● Your assignment
Check each line of the material below for "being" and copy those where it appears.

● Data supplied

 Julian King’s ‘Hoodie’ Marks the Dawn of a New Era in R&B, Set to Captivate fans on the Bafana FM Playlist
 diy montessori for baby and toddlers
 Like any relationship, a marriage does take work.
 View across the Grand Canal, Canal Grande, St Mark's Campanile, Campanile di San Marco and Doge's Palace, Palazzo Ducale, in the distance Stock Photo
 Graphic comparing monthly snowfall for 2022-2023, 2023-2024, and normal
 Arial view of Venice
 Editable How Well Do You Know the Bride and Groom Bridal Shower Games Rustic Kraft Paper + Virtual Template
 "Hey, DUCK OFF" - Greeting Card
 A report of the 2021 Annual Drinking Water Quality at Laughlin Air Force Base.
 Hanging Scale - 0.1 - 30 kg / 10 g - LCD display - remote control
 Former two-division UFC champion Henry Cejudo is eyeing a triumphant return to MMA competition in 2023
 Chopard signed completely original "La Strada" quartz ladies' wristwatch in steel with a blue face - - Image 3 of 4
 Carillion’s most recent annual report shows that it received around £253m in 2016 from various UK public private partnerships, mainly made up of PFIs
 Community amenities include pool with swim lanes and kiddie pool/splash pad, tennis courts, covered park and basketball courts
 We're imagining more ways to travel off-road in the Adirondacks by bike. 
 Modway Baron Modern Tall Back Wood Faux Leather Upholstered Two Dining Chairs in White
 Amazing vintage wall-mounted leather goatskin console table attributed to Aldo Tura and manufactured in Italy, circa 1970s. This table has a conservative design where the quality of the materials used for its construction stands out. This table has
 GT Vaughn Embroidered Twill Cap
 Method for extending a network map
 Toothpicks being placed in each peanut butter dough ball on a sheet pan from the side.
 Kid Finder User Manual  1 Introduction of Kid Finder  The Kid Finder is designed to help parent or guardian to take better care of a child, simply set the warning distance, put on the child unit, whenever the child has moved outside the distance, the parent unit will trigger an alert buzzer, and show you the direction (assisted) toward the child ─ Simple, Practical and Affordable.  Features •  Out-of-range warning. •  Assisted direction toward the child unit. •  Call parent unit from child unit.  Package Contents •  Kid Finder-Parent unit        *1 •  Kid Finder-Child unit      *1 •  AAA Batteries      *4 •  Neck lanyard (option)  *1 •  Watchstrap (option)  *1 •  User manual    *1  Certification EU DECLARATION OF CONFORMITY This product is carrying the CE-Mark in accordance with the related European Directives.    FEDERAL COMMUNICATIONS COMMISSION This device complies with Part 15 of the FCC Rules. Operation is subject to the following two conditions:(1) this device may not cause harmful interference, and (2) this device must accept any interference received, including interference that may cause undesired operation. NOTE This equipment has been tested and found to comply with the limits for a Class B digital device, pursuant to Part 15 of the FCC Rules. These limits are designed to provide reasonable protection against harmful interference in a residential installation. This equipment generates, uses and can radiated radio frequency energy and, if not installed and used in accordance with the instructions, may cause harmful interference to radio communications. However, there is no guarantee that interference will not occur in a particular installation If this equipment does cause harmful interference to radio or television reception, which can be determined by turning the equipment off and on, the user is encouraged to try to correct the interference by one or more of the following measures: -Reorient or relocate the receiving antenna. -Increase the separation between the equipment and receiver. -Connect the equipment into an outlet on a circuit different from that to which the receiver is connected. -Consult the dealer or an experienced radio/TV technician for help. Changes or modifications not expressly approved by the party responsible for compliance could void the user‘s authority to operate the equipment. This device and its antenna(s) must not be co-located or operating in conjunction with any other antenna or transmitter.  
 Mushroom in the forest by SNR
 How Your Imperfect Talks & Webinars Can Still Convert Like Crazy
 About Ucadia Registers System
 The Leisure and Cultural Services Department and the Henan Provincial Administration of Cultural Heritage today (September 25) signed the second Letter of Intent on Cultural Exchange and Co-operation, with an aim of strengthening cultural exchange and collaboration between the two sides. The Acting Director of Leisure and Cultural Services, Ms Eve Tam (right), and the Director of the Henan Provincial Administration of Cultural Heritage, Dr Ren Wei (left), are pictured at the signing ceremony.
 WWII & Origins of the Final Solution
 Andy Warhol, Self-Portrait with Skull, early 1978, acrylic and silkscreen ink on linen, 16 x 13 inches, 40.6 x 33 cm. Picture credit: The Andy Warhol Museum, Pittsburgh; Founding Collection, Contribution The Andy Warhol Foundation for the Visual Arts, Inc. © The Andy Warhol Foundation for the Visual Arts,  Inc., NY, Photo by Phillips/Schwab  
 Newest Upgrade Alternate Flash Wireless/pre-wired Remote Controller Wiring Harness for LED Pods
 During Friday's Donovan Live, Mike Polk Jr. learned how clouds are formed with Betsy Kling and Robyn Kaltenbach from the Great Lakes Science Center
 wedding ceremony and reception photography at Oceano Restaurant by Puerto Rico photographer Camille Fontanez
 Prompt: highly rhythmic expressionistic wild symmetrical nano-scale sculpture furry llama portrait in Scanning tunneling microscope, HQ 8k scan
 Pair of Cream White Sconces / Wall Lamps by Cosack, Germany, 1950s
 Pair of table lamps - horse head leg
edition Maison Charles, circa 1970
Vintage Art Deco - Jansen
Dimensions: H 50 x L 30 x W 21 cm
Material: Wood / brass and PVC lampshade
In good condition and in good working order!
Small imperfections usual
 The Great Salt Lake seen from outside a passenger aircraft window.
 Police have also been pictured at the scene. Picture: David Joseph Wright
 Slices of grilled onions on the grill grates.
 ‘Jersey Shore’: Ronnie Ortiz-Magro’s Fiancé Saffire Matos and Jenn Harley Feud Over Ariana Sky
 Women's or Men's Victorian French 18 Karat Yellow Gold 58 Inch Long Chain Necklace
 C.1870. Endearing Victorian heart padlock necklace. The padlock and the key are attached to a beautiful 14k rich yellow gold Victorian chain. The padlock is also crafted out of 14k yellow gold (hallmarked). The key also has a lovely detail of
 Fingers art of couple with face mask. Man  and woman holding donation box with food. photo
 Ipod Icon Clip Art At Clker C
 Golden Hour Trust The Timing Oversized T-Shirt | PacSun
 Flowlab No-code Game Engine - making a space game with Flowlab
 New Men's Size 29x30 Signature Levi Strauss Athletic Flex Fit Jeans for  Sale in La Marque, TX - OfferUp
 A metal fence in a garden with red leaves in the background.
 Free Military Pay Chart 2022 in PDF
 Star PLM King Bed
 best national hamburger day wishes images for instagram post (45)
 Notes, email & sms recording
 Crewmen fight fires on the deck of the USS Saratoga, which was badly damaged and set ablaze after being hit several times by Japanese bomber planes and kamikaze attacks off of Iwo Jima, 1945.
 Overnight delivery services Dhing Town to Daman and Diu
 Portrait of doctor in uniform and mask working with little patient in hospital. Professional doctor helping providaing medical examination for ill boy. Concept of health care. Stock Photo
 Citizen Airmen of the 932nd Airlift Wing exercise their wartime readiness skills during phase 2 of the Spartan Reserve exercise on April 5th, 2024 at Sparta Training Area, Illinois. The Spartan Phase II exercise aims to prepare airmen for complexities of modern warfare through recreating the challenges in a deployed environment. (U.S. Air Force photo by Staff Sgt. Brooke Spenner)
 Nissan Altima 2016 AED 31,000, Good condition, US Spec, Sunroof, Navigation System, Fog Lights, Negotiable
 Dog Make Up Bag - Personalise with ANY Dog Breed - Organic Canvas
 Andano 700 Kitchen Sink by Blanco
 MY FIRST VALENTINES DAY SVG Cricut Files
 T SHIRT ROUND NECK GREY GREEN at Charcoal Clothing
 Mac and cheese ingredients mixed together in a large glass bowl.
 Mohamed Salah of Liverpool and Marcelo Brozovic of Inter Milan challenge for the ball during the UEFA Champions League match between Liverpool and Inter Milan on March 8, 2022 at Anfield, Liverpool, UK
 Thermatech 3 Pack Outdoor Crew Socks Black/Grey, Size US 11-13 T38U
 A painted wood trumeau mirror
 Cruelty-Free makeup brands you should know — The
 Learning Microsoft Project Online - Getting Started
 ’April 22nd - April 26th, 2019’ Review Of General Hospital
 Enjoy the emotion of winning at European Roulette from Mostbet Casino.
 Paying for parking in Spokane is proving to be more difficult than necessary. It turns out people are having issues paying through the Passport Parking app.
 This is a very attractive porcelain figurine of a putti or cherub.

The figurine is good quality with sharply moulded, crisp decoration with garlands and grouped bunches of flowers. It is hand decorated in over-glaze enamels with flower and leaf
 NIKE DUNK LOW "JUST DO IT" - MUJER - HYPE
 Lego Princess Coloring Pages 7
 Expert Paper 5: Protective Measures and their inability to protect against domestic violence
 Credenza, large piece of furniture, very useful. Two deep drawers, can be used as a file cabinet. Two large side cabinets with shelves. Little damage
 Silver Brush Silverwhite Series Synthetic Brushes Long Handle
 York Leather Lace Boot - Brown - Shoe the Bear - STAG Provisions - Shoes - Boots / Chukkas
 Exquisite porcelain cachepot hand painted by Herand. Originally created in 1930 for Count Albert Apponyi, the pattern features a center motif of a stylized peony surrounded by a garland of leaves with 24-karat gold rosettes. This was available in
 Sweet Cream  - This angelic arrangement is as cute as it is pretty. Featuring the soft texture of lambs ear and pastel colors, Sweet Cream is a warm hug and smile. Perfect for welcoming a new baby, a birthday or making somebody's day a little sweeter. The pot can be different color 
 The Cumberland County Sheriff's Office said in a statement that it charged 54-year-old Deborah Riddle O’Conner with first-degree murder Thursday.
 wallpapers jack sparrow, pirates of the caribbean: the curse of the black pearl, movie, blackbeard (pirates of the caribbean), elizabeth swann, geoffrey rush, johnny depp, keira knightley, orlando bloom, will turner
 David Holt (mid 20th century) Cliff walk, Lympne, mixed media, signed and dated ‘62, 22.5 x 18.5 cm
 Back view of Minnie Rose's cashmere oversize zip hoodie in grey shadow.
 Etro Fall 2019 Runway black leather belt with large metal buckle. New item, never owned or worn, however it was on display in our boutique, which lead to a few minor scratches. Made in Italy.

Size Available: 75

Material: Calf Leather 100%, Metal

● Task solution
 Toothpicks being placed in each peanut butter dough ball on a sheet pan from the side.
 Crewmen fight fires on the deck of the USS Saratoga, which was badly damaged and set ablaze after being hit several times by Japanese bomber planes and kamikaze attacks off of Iwo Jima, 1945.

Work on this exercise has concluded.